The authors of the paper hope some cheaper means can be found than metal oxides - and I'll be up front here and state that I am rather fond of metal oxide mediated carbon capture for reasons about which you couldn't care less - and they discuss a variety of silica based absorbents, if I recall correctly the too much ignoredold genius George Olah has also discussed this class.
They're probably pretty damn good.
For the thermodynamic and economic calculations in the paper, the authors refer to a particular silica based absorbent, TRIPE-MCM-41.
Tripe. I swear. Tripe.
Which is what the hope that humanity will avoid climate catastrophe is.
In one process ("Process B" and there's a lot of processes discussed in the paper) the energy cost of recovering carbon dioxide is given as 6328 MJ/t CO2.

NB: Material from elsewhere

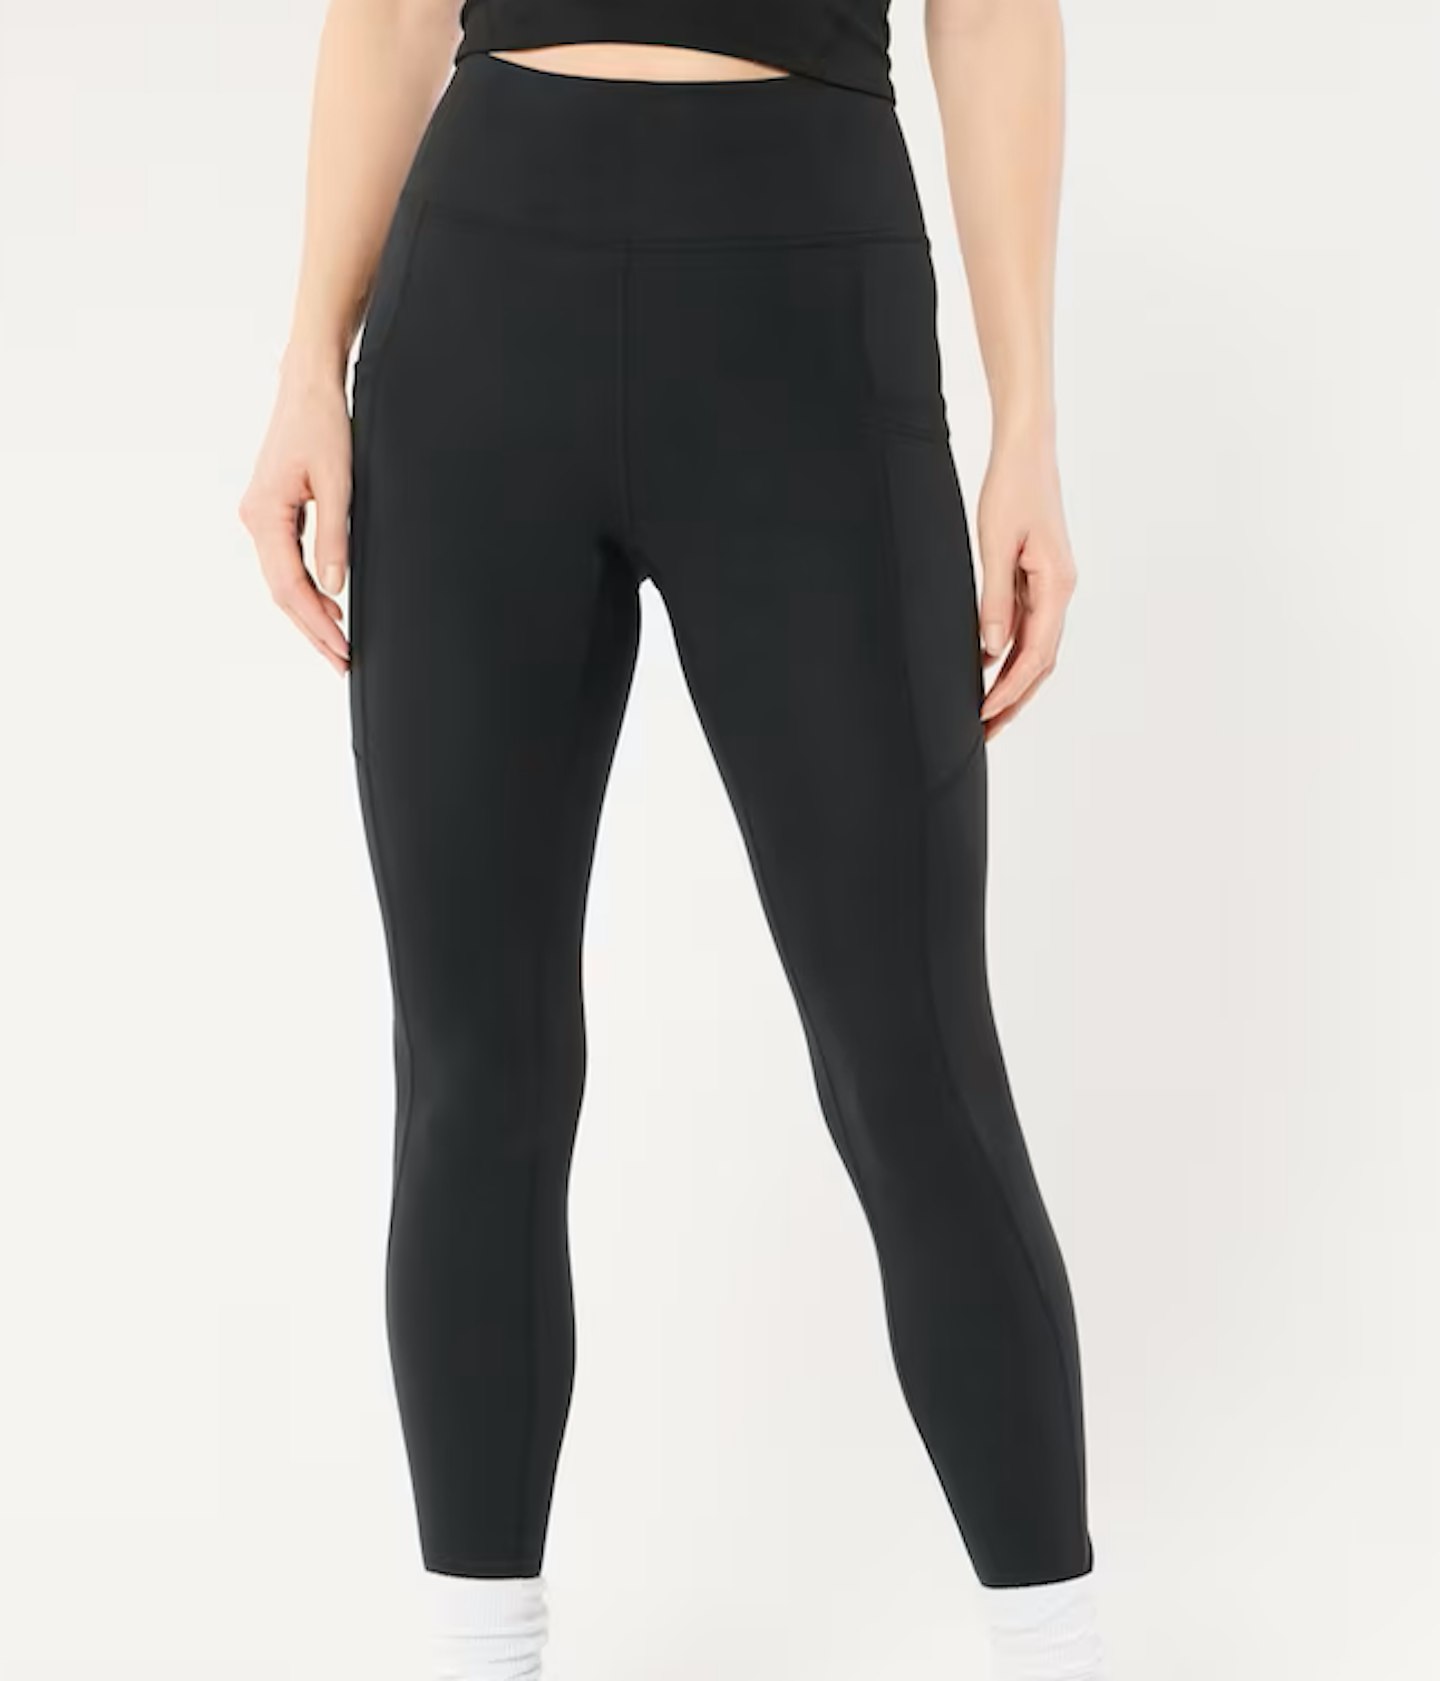 The Best Gym Leggings With Pockets For All Your Necessities

Last year, humanity dumped about 31.6 billion tons of the dangerous fossil fuel waste CO2 into its favorite waste dump, the planetary atmosphere.
If one has not joined Greenpeace and thus can still multiply, divide, add and subtract, one can directly calculate that to recapture the pre-sequestered and then de-sequestered carbon from Earth's atmosphere, it would require 199 exajoules of energy using process B.
This is about twice the annual amount of energy consumed by the United States, that "environmental" country that we live in. Humanity as a whole is now consuming about 520 exajoules of energy as a whole.
Don't worry. Be happy.
All of Europe, after throwing hundreds of billions of Euros down the rabbit hole, now produces about 2 exajoules of so called "renewable energy."
Actually, we do know how to produce energy without carbon dioxide on a large scale, but a rather large portion of the population, motivate by fear, ignorance and superstition rather hates this form of energy, because it could be responsible (ultimately, albeit not this far) for a few deaths here and there after a 9.0 earthquake and a 15 meter tsunami.
As we all know, everything else, including buildings and cars is otherwise completely safe in a 9.0 earthquake and 15 meter tsunami.
I could go on and on with the cool stuff in this paper, but let me just run the conclusion by you.
The authors, very nice guys I'm sure, and very smart guys conclude like this:
In conclusion, we have developed process models that account for some of the issues that need to be taken into account while considering the viability of adsorption-based air capture technologies. We have identified one process that appears promising based on these initial models. Our work should motivate future experimental and modeling efforts to refine the specifications of processes like this one and define more detailed estimates of their economics.
Don't worry guys. We, humanity, will get right on it, right after we figure where the grain is going to come from.
Enjoy your evening in spite of any heat or other extreme weather warnings may apply in your area.